◆ **What you have to do**:
Word for word, copy all the data and drop the pictures.

(Given information begins)

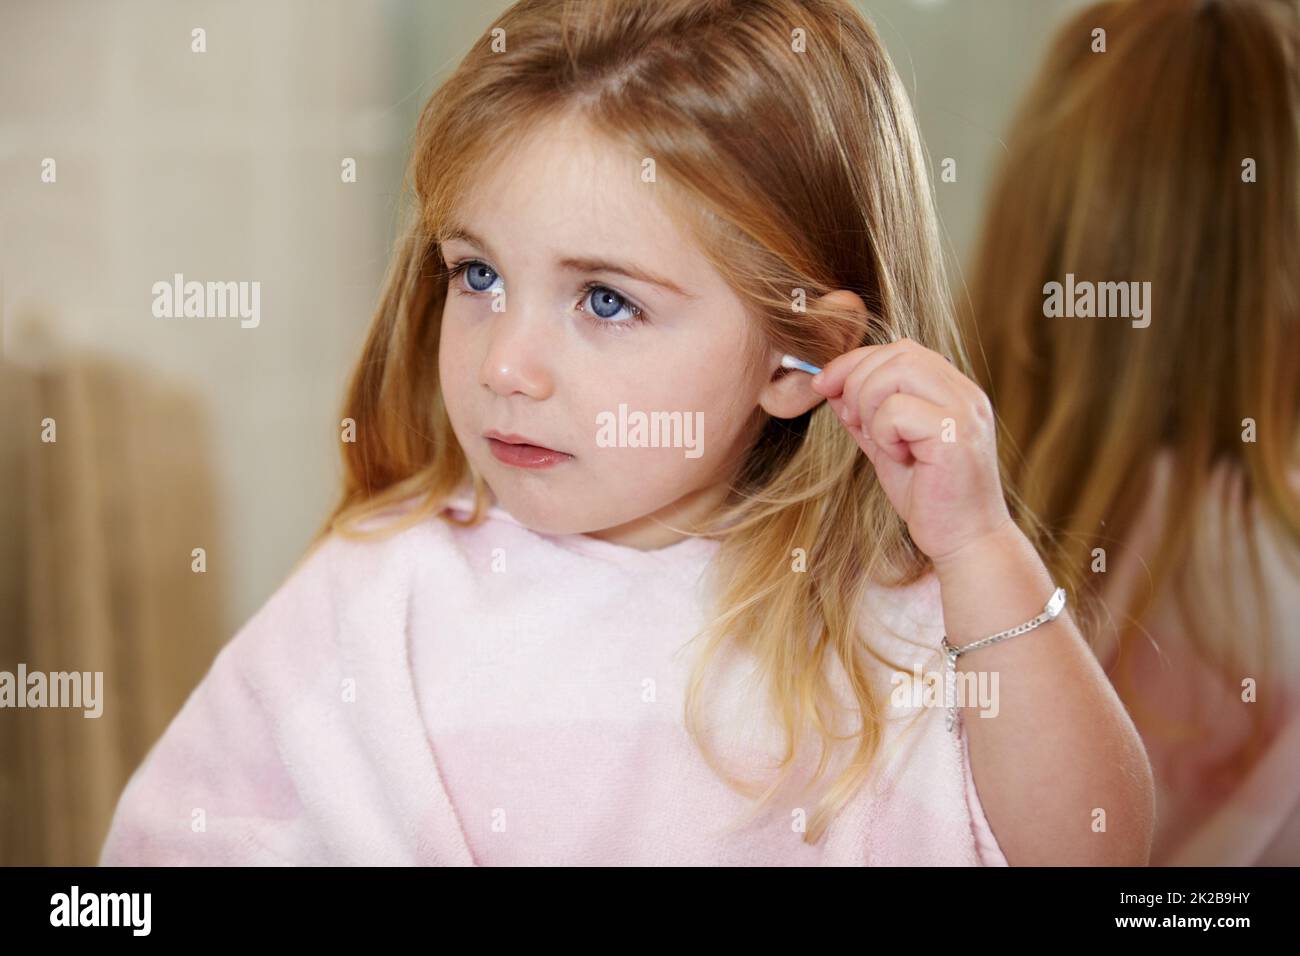 Sicherstellen, dass sie richtig reinigt. Nettes kleines Mädchen, das ihre Ohren mit einem Ohrstöpsel putzt. Stockfoto
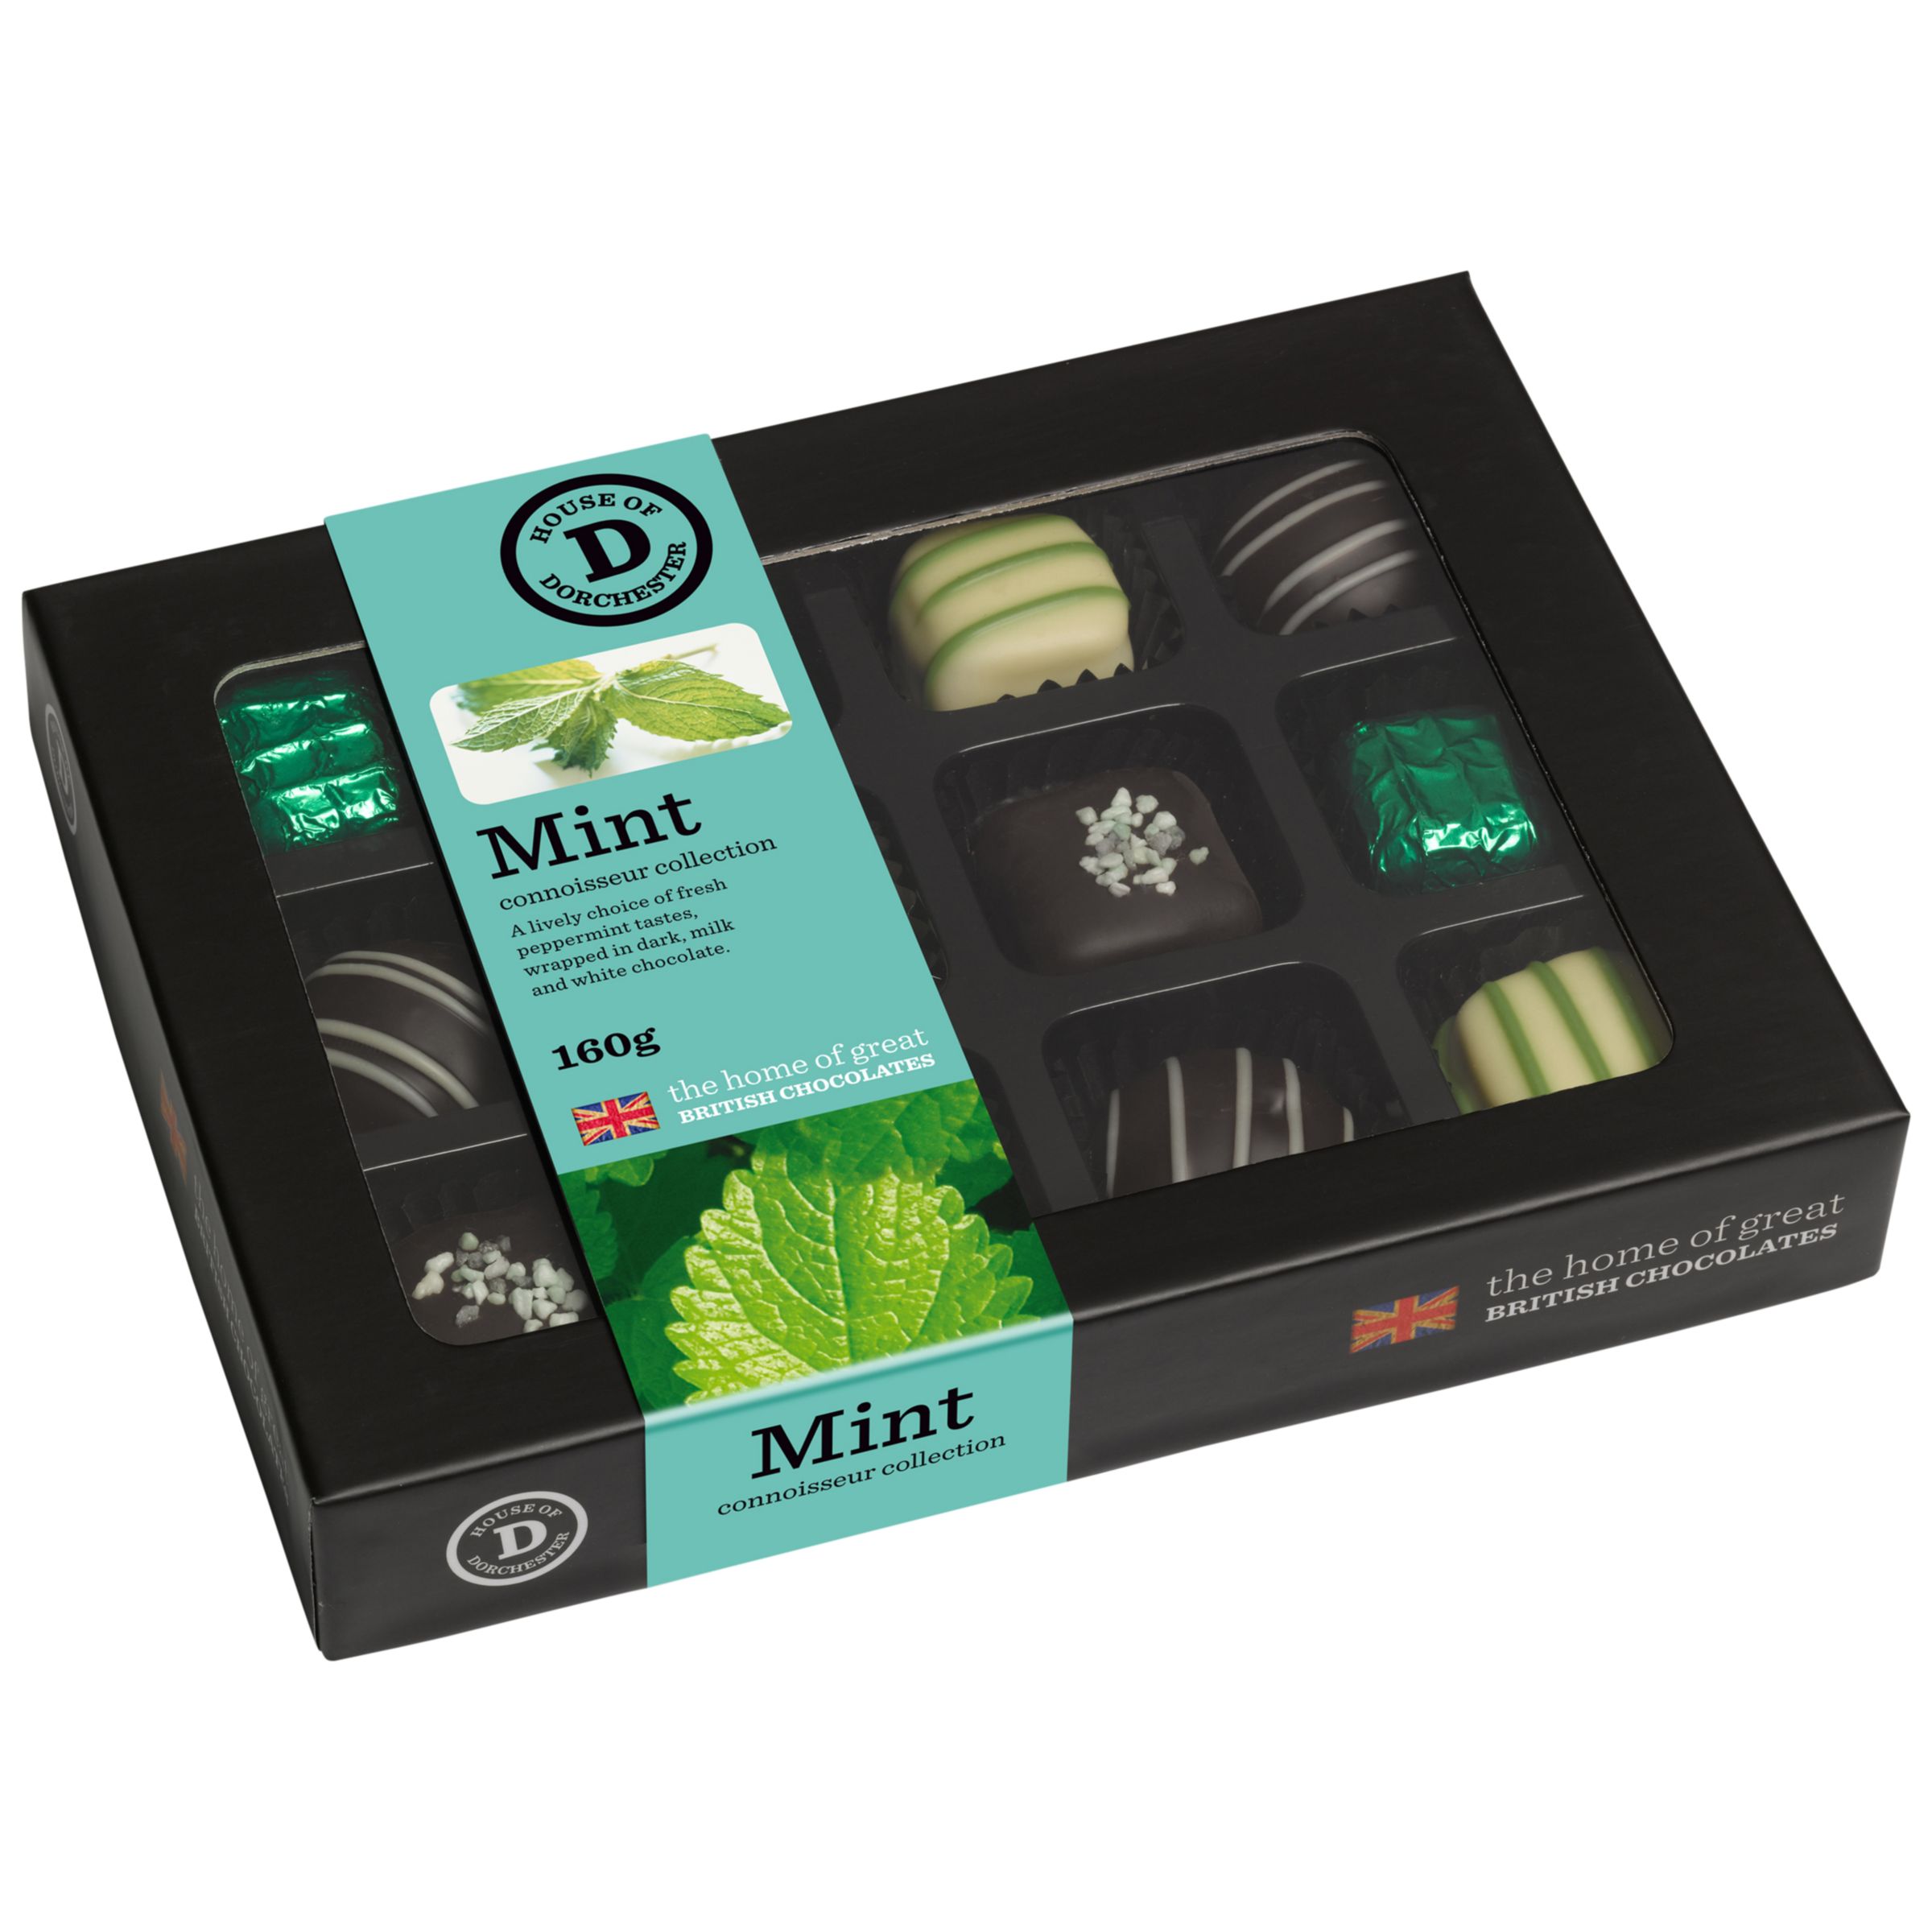 Mint Connoisseur Collection,
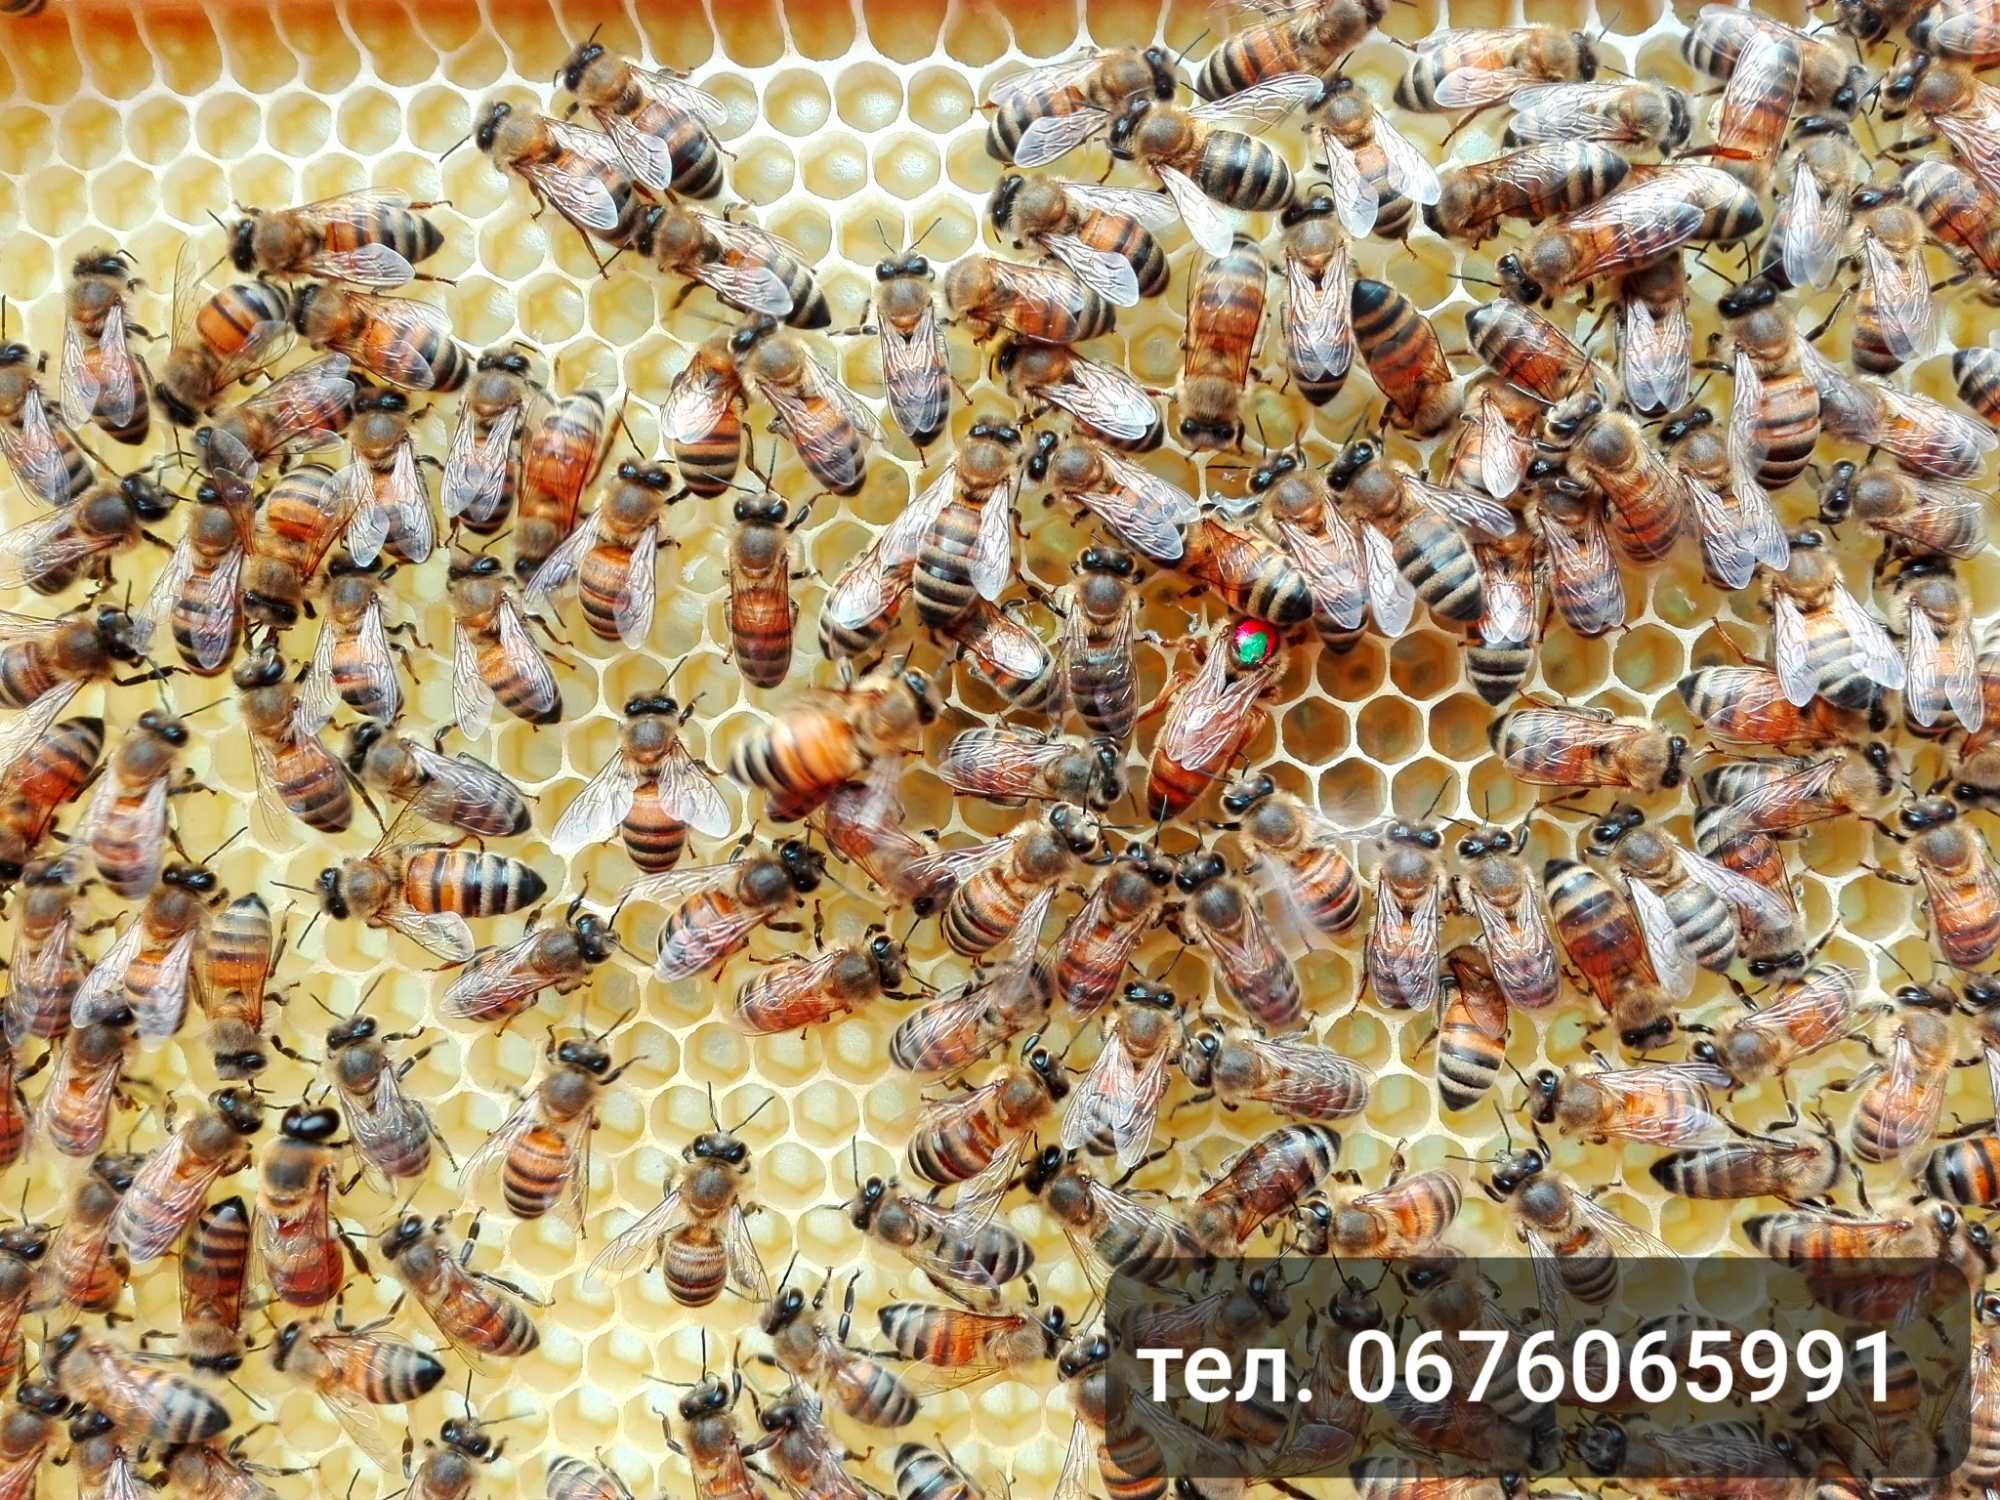 Продам бджолосімї, бджолопакети Бакфаст 1500грн.
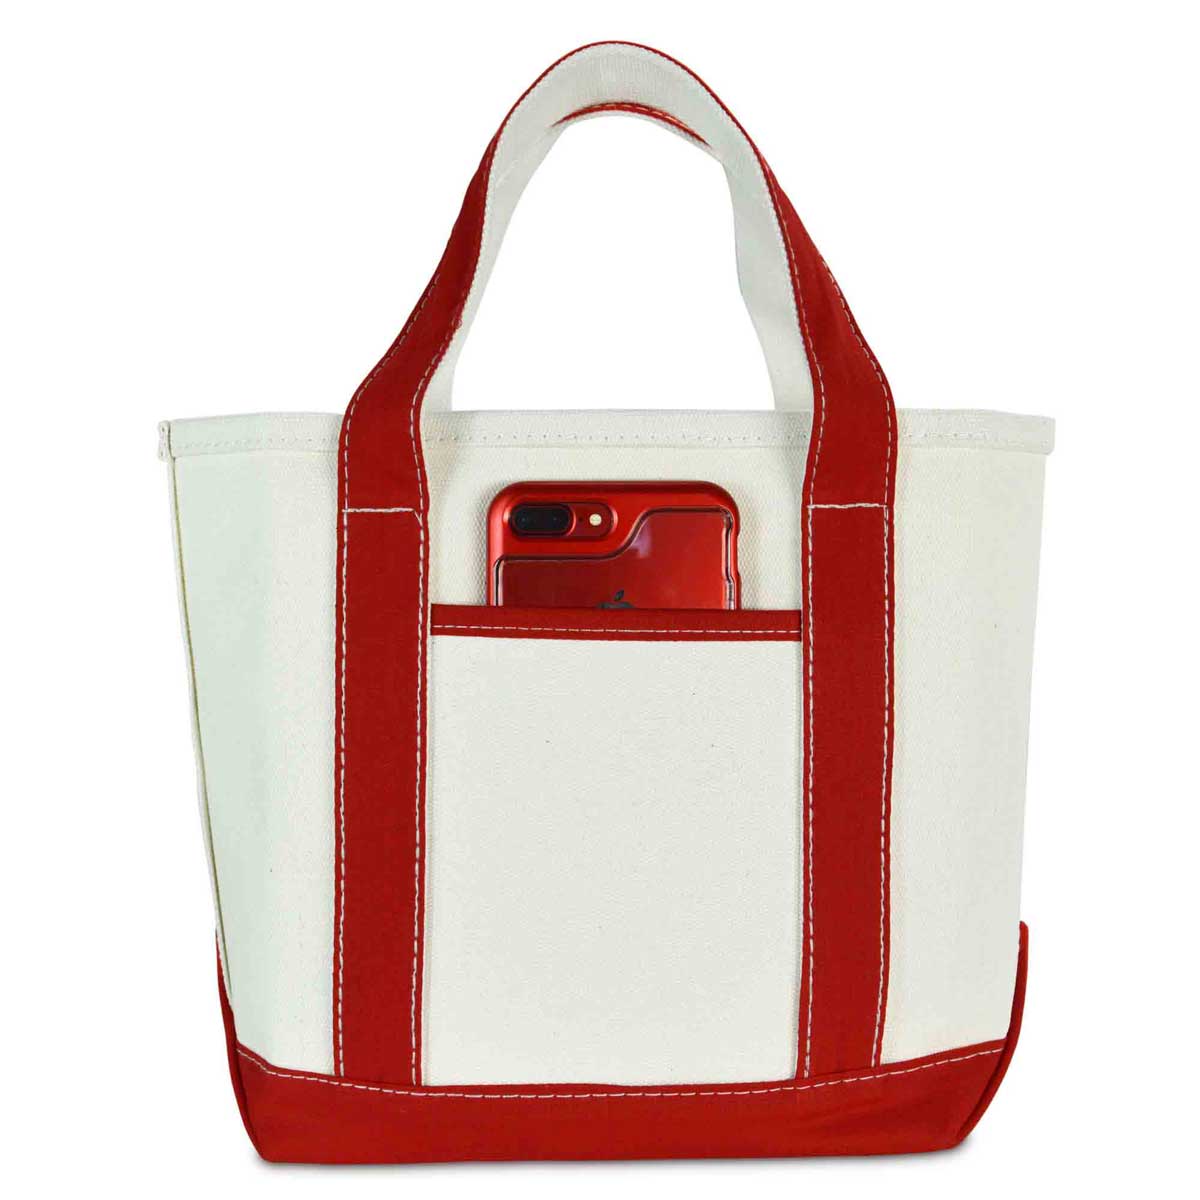 Dalix 14" Small Premium Tote Bag

(Given information ends)

◆ **Response box**:
 Sicherstellen, dass sie richtig reinigt. Nettes kleines Mädchen, das ihre Ohren mit einem Ohrstöpsel putzt. Stockfoto
 Mint Connoisseur Collection,
 Продам бджолосімї, бджолопакети Бакфаст 1500грн.
 Dalix 14" Small Premium Tote Bag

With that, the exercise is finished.